• Resolved killerdog

    (@killerdog)


    When a visitor tries to access a non-existing PHP file on the web site, they receive the special “403 Access Forbidden” page generated by this plugin. Is there any way to turn off this particular feature? It’s actually interfering with my 404-to-301 redirect function. Sometimes even PHP files are moved, and I need to redirect these visitors with a 301 to their correct destinations, rather than stop them in their tracks with a 403.

    BTW, thanks for such a great plugin!!

Viewing 3 replies - 1 through 3 (of 3 total)
  • Plugin Author gioni

    (@gioni)

    It’s Traffic Inspector. You can specify exceptions by adding those moved scripts query paths to the Request whitelist field on the Traffic Inspector Settings admin page: https://wpcerber.com/wordpress-probing-for-vulnerable-php-code/

    Alternatively, you can specify redirections in the main .htaccess file.

    Thread Starter killerdog

    (@killerdog)

    Ah, I never even considered that this feature would reside within the traffic inspector itself. I adding regex to exclude all PHP files in the whitelist and that worked great.

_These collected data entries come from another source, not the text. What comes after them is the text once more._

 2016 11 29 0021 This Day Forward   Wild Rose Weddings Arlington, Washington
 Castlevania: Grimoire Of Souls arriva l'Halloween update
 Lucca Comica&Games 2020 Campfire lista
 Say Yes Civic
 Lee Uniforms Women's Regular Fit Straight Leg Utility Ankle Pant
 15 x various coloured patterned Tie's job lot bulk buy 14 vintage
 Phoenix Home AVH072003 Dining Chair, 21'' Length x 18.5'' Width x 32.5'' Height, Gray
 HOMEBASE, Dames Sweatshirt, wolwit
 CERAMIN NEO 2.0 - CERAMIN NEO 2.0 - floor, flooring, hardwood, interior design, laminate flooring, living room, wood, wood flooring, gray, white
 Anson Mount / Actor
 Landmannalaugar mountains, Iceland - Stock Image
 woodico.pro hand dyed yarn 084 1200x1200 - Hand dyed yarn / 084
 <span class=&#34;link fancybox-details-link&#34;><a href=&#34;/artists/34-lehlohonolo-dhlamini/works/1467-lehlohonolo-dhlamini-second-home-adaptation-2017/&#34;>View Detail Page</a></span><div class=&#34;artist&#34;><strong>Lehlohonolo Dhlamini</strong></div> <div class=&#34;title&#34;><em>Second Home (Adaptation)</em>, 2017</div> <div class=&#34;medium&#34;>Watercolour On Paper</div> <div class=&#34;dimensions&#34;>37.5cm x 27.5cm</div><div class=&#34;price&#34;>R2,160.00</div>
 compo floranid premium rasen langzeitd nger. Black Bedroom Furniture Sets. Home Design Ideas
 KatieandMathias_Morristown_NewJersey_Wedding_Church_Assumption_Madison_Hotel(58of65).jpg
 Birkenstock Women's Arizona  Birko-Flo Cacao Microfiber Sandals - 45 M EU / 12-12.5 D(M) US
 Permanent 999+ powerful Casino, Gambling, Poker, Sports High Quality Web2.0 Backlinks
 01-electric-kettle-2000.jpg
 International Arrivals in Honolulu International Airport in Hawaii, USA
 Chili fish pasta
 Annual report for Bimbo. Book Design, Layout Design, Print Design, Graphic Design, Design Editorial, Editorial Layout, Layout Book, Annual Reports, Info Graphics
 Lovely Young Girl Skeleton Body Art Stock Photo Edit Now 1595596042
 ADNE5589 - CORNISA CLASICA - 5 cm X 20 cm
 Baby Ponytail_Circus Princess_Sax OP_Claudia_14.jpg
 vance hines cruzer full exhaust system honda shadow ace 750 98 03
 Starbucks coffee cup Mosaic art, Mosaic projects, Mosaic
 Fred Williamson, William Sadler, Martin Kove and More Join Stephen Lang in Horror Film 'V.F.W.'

    Although, since I inherited a domain with several hundred old and undocumented links (not just to PHP files) that are indexed on search engines everywhere, I found it easier to just disable the traffic inspector altogether. Because, I need to catch the 404 traffic and redirect it to the web site root using 301, in order to reshape the SEO in the long term.

    Thanks for your help!

    Thread Starter killerdog

    (@killerdog)

    Marked as resolved.

Viewing 3 replies - 1 through 3 (of 3 total)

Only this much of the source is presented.